Fig. 6. MuvB associates with nucleosomes in DREAM-regulated gene promoters in arrested HCT116 cells.

a Diagram of the MNase-ChIP experiment designed to enrich nucleosome-sized DNA fragments that interact with MuvB complexes. b Gene ontology (GO) analysis of the enriched DNA sequences following MNase digestion and precipitation from arrested cell extracts. Gene groups with p-values < 1 × 10⁻³⁰ are labeled. A complete list of GO terms is provided as Source data. c Top enriched genes with DNA sequences that co-precipitated with Strep-LIN9. Experiments were performed using WT or LIN37^−/− HCT116 cells, WT LIN9 or LIN9^4x, and in arrested or cycling cells. The number of genes with an enrichment >4.7-fold are indicated for each experiment. The list of enriched genes can be found on the NCBI GEO database (accession GSE189435). The annotated list of DREAM genes used as a cross-reference is provided as Source data. d Genome browser tracks corresponding to the CCNB2, FOXM1, and ORC6 promoters. The number of DNA sequence reads is plotted for the input (gray) and Strep-LIN9 precipitated DNA samples. These data correspond to one replicate performed in arrested HCT116 cells. Data for other replicates and experiments are shown in Supplementary Fig. 6. The transcription start site (TSS) in each gene (base of orange arrow) along with the position of the DREAM-binding DNA motif relative to the TSS are indicated.

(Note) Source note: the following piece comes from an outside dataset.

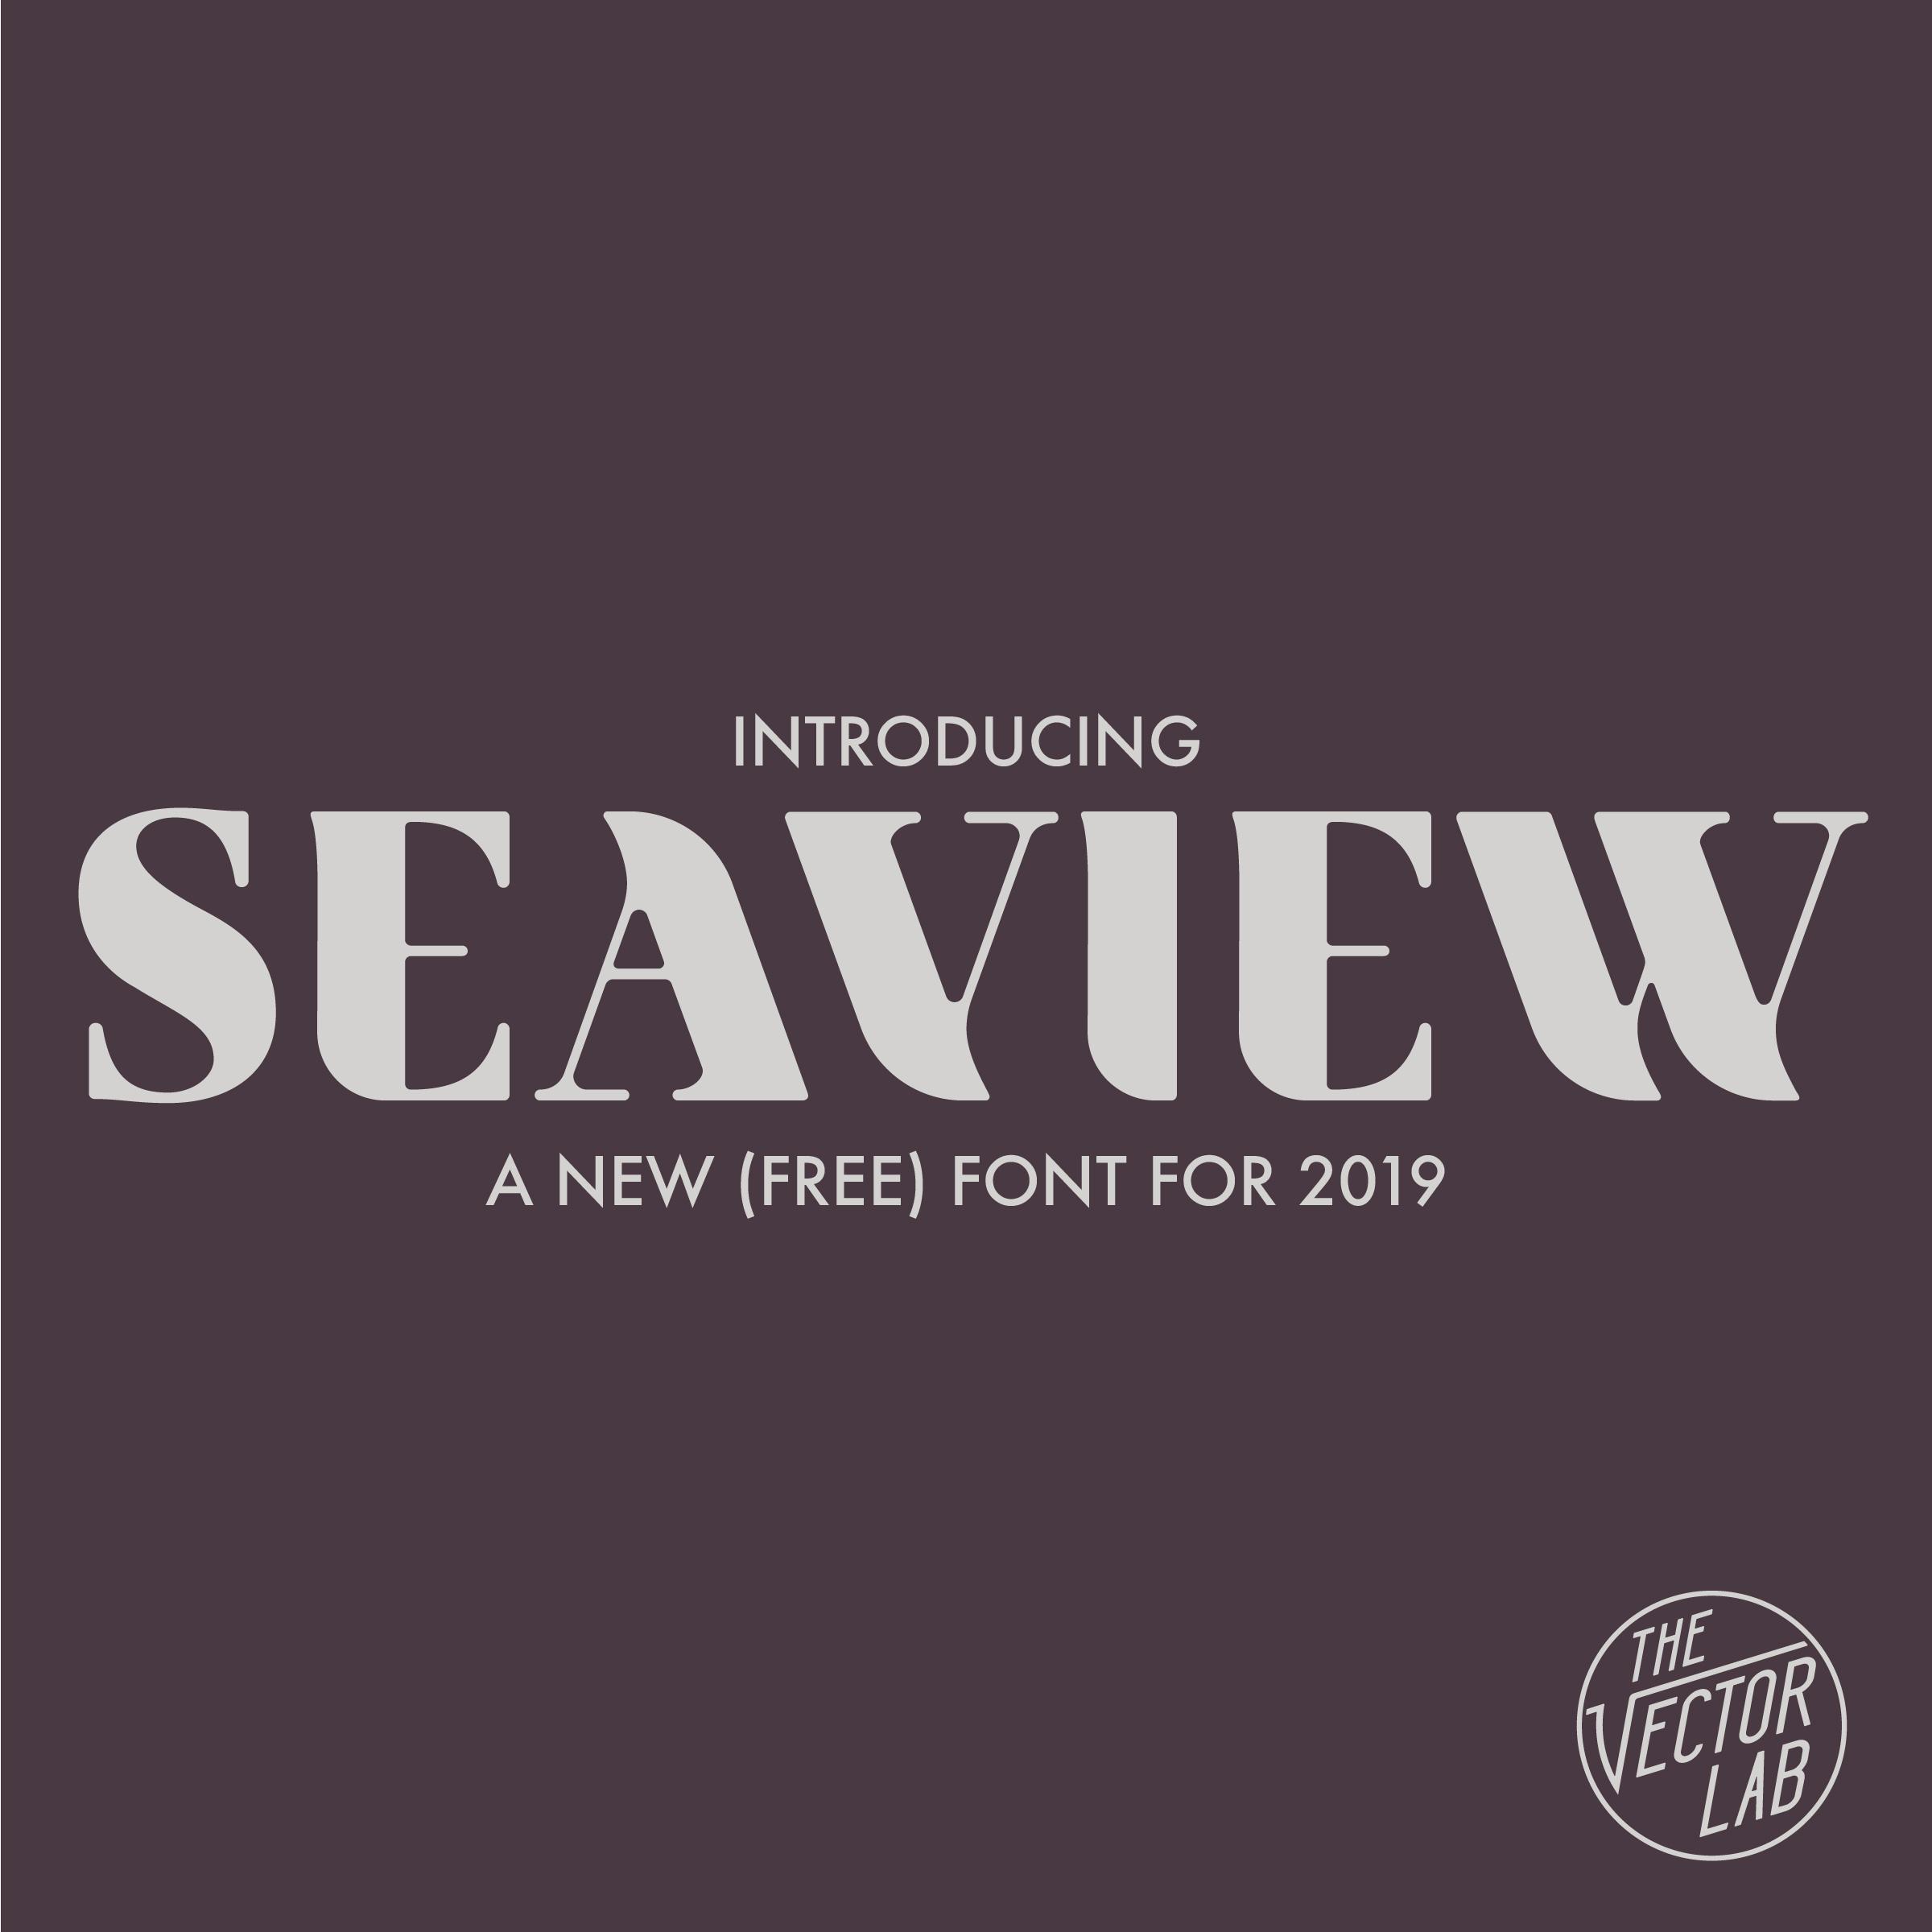 SeaViewArtboard 1 copy 3-80.jpg

Fig. 7. The sharp positioning of the MuvB-bound +1 nucleosome correlates with gene repression.

a Heatmaps of relative read density across all known DREAM genes that show >4.7-fold enrichment in the Strep-LIN9 precipitant and correspond. Both input and precipitant sequencing data are shown for the same gene set and in the same order. At the bottom are the aggregated and normalized read intensities across all genes shown in the heat map for the input and precipitated DNA data sets. Data from HCT116 (blue) and HCT116-LIN37^−/− (pink) are shown. The observation of more peaks with periodicity corresponding to nucleosomes (i.e., the +2 and +3 nucleosome peaks) in the HCT116-LIN37^−/− input data set is consistent with DREAM genes being active during Nutlin-3a-induced quiescence of those cells. b Comparison of three example gene tracks showing the number of DNA sequence reads in Strep-LIN9 precipitated samples from HCT116 (blue, left axis) and HCT116-LIN37^−/− (pink, right axis) cells. The TSS (orange arrow) and DREAM-binding DNA motifs are indicated. c Overall model showing organization of DREAM and the association between MuvBN and the +1 nucleosome, which we propose mediates gene repression.